### [INSTRUCTIONS FOR THE TASK]
Write out the full listing exactly as given, minus the images.

### [THE DATA]
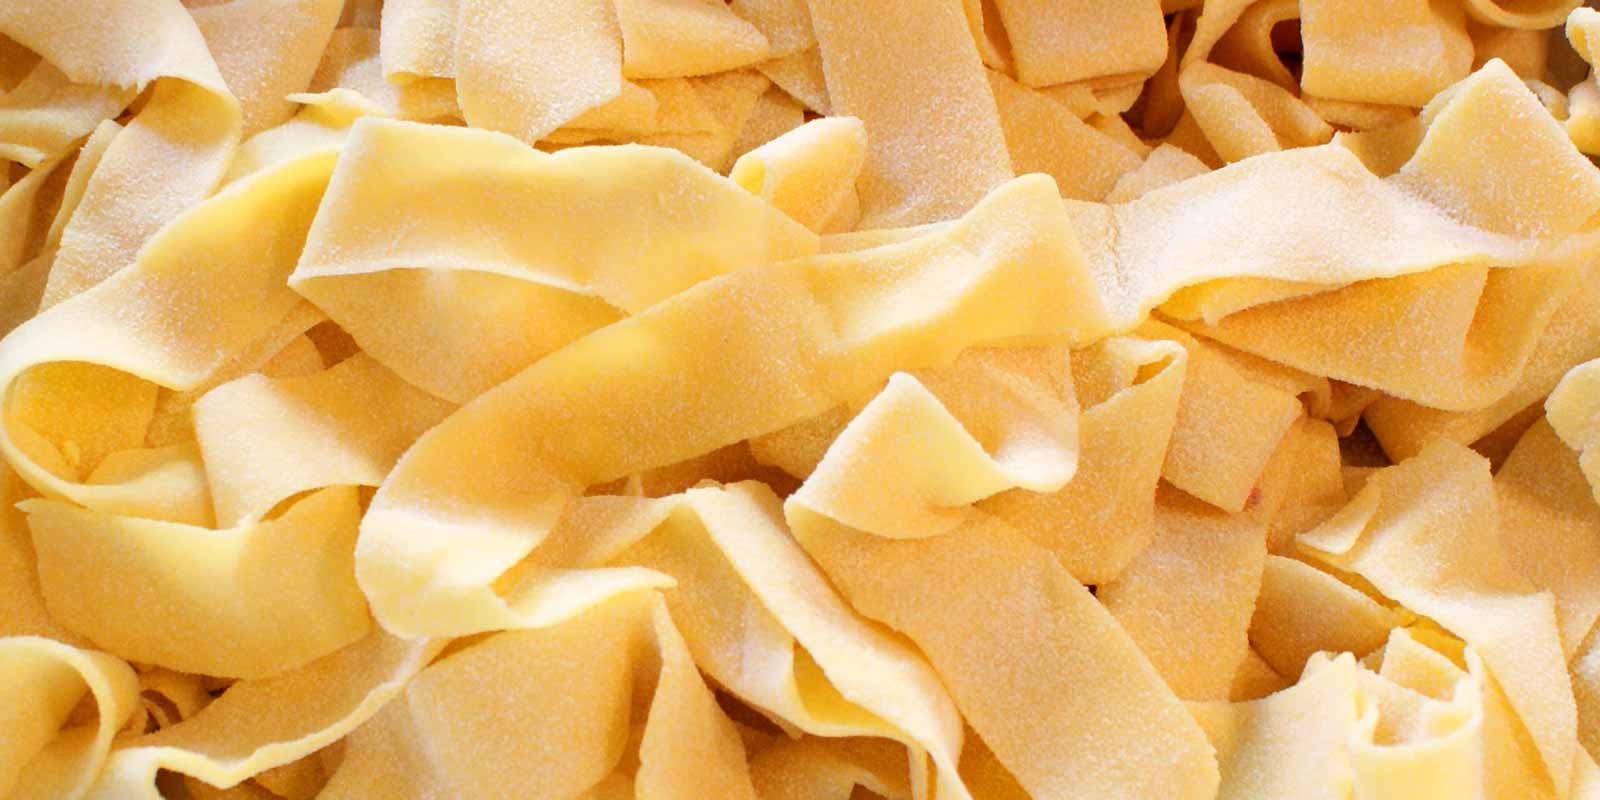 Pasta y harina De Cecco La empresa italiana De Cecco produce pasta y harina de excelente calidad desde 1886.
¡Ver por ti mismo!
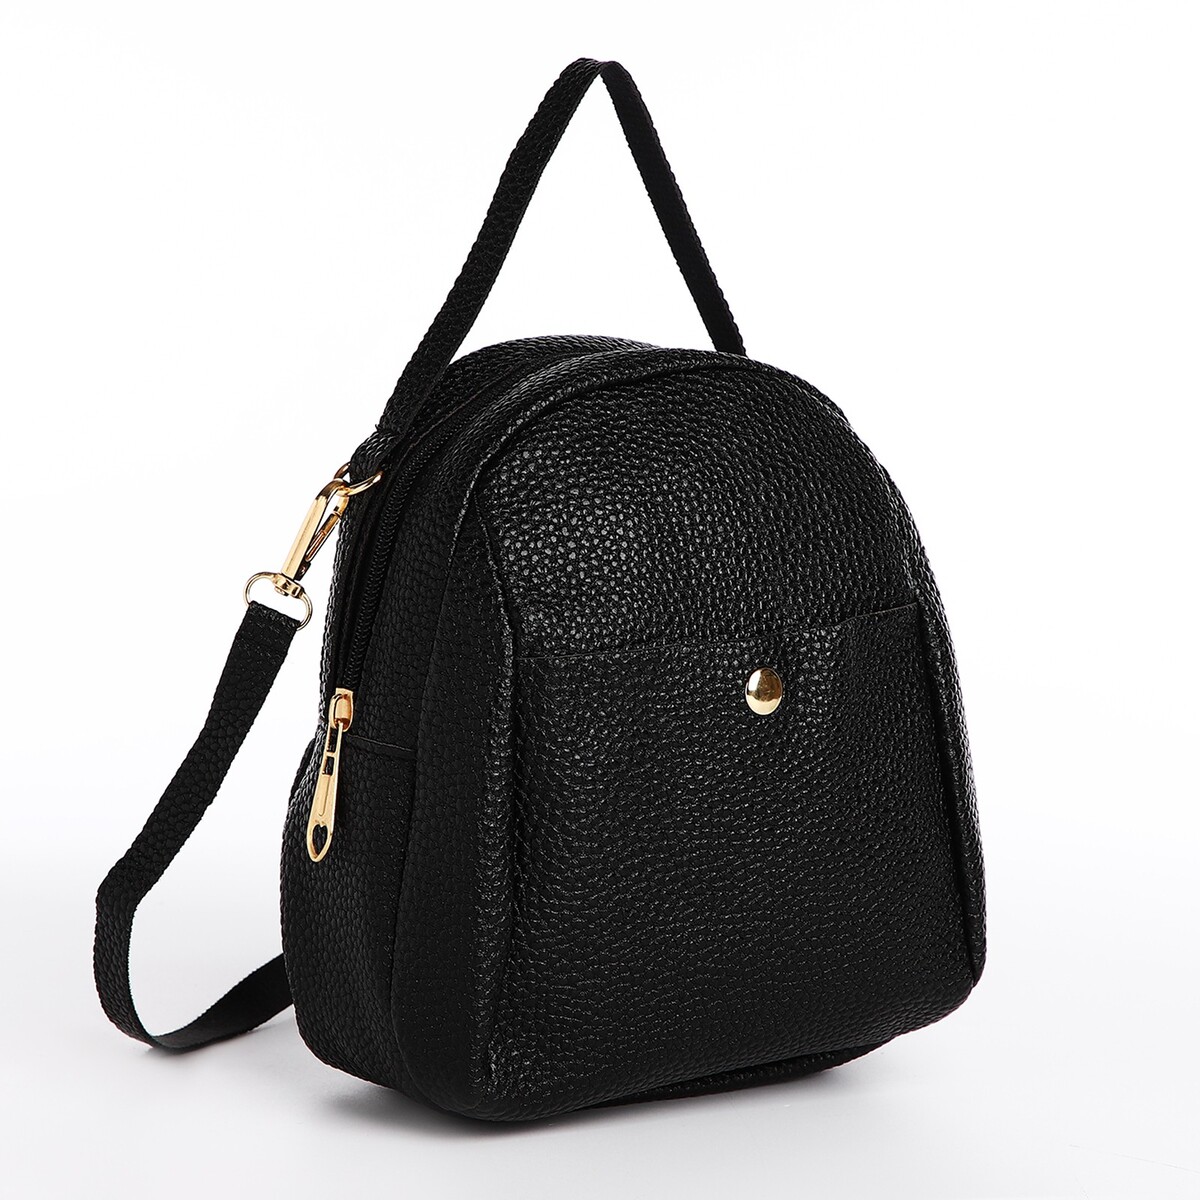 Мини-рюкзак женский из искусственной кожи на молнии, 1 карман, цвет черный

### [SOLVED EXERCISE]
 Pasta y harina De Cecco La empresa italiana De Cecco produce pasta y harina de excelente calidad desde 1886.
¡Ver por ti mismo!
 Мини-рюкзак женский из искусственной кожи на молнии, 1 карман, цвет черный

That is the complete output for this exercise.